Whilst Brexit continues to dominate the UK’s political scene, it is easy to overlook other areas of policy which, in more historically normal times, would gain more attention.

For a real estate lawyer, the prospect of one of our major political parties looking at radical changes to land law is intriguing to say the least, but coverage has been limited. Understandably, commentary has been focussed on the major economic and political ramifications of the proposals, but the legal changes would, in their own way, be highly significant.

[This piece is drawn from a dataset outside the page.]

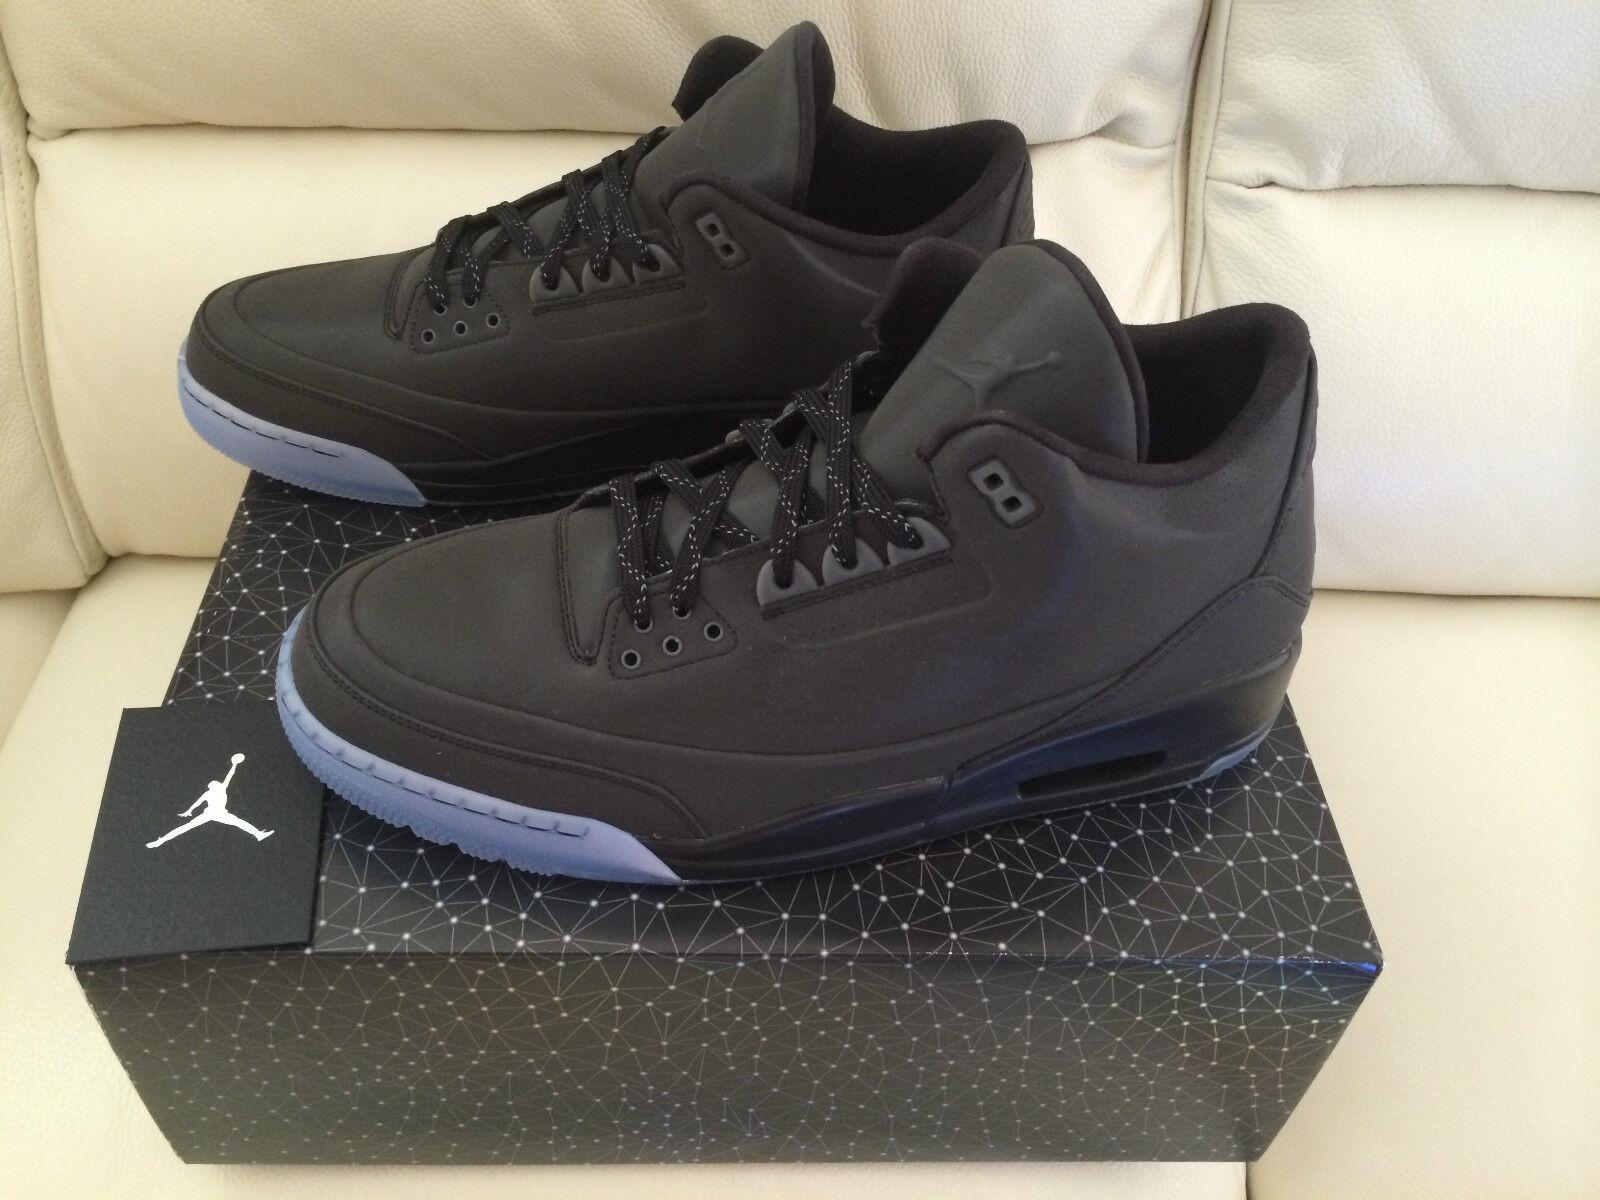 Nike Air Jordan 5LAB3 t entraineHommes t 5LAB3 baskets taille us 14 neuf ** look ** 77aa5b

Land for the Many, recently published by a committee of seven authors under the editorship of George Monbiot, is a set of policy proposals put forward to the Labour Party for consideration as part of its preparation for the next general election. It sets out an avowedly radical programme of reform which, if implemented, would be the most significant change to the laws of real property since the 1920s. The authors acknowledge that a detailed legal report into the necessary overhaul of land law will be a necessary future step towards making the proposals implementable, but some initial comments can be made on the legal consequences of three of the key proposals: 

  •  Transparency in relation to trusts and options
  •  Open ended tenancies; and
  •  The creation of a Common Ground Trust to acquire land separately from the buildings constructed on it.

Transparency

The authors propose several ways in which data on land ownership and control could be made more widely available, including most simply (from a legal perspective) making it free to access information from the Land Registry. Two other proposals would, however, need substantial legal changes: widening registered information to include beneficial ownership of land held by trusts and compulsory registration of options over land.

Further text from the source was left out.